- Opening Delimiter -
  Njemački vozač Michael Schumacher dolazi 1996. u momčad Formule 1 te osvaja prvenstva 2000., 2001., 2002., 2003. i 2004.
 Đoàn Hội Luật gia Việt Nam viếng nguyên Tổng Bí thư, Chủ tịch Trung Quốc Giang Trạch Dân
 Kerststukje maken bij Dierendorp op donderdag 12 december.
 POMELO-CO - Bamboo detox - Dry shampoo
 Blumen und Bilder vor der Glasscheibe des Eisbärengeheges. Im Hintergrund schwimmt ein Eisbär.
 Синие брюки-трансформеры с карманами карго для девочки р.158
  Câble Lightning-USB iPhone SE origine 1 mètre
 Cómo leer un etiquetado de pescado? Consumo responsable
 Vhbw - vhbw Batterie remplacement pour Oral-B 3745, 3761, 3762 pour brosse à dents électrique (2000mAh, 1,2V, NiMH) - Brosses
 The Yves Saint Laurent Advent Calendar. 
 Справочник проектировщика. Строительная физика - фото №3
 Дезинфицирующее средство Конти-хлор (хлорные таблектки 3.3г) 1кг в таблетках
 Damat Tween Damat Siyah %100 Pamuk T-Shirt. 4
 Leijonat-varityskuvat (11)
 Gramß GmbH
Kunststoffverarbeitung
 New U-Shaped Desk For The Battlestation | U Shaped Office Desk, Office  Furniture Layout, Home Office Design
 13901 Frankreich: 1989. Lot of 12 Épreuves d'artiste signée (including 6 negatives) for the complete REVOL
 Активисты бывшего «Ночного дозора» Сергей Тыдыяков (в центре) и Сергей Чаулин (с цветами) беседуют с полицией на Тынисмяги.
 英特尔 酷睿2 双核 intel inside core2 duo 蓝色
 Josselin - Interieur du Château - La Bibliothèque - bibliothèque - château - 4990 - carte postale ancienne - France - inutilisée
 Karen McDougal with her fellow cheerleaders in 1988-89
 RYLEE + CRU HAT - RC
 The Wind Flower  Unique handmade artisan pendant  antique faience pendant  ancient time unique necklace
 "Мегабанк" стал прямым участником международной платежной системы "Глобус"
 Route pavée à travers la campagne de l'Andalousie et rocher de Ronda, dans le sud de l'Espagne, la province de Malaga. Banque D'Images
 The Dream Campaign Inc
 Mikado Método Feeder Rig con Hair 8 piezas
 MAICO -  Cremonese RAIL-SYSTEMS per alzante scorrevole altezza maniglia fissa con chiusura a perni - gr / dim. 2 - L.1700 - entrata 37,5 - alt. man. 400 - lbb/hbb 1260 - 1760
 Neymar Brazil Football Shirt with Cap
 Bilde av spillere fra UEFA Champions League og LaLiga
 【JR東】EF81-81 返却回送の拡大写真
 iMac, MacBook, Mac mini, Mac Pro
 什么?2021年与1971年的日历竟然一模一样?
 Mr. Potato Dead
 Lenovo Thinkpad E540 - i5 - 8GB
- Closing Delimiter -
## [Your objective]
In the entries above, find the line holding "Blumen und Bilder" and the line holding "Kunststoffverarbeitung"; print both of them and every line between, exactly, and nothing else.

## [Response box]
 Blumen und Bilder vor der Glasscheibe des Eisbärengeheges. Im Hintergrund schwimmt ein Eisbär.
 Синие брюки-трансформеры с карманами карго для девочки р.158
  Câble Lightning-USB iPhone SE origine 1 mètre
 Cómo leer un etiquetado de pescado? Consumo responsable
 Vhbw - vhbw Batterie remplacement pour Oral-B 3745, 3761, 3762 pour brosse à dents électrique (2000mAh, 1,2V, NiMH) - Brosses
 The Yves Saint Laurent Advent Calendar. 
 Справочник проектировщика. Строительная физика - фото №3
 Дезинфицирующее средство Конти-хлор (хлорные таблектки 3.3г) 1кг в таблетках
 Damat Tween Damat Siyah %100 Pamuk T-Shirt. 4
 Leijonat-varityskuvat (11)
 Gramß GmbH
Kunststoffverarbeitung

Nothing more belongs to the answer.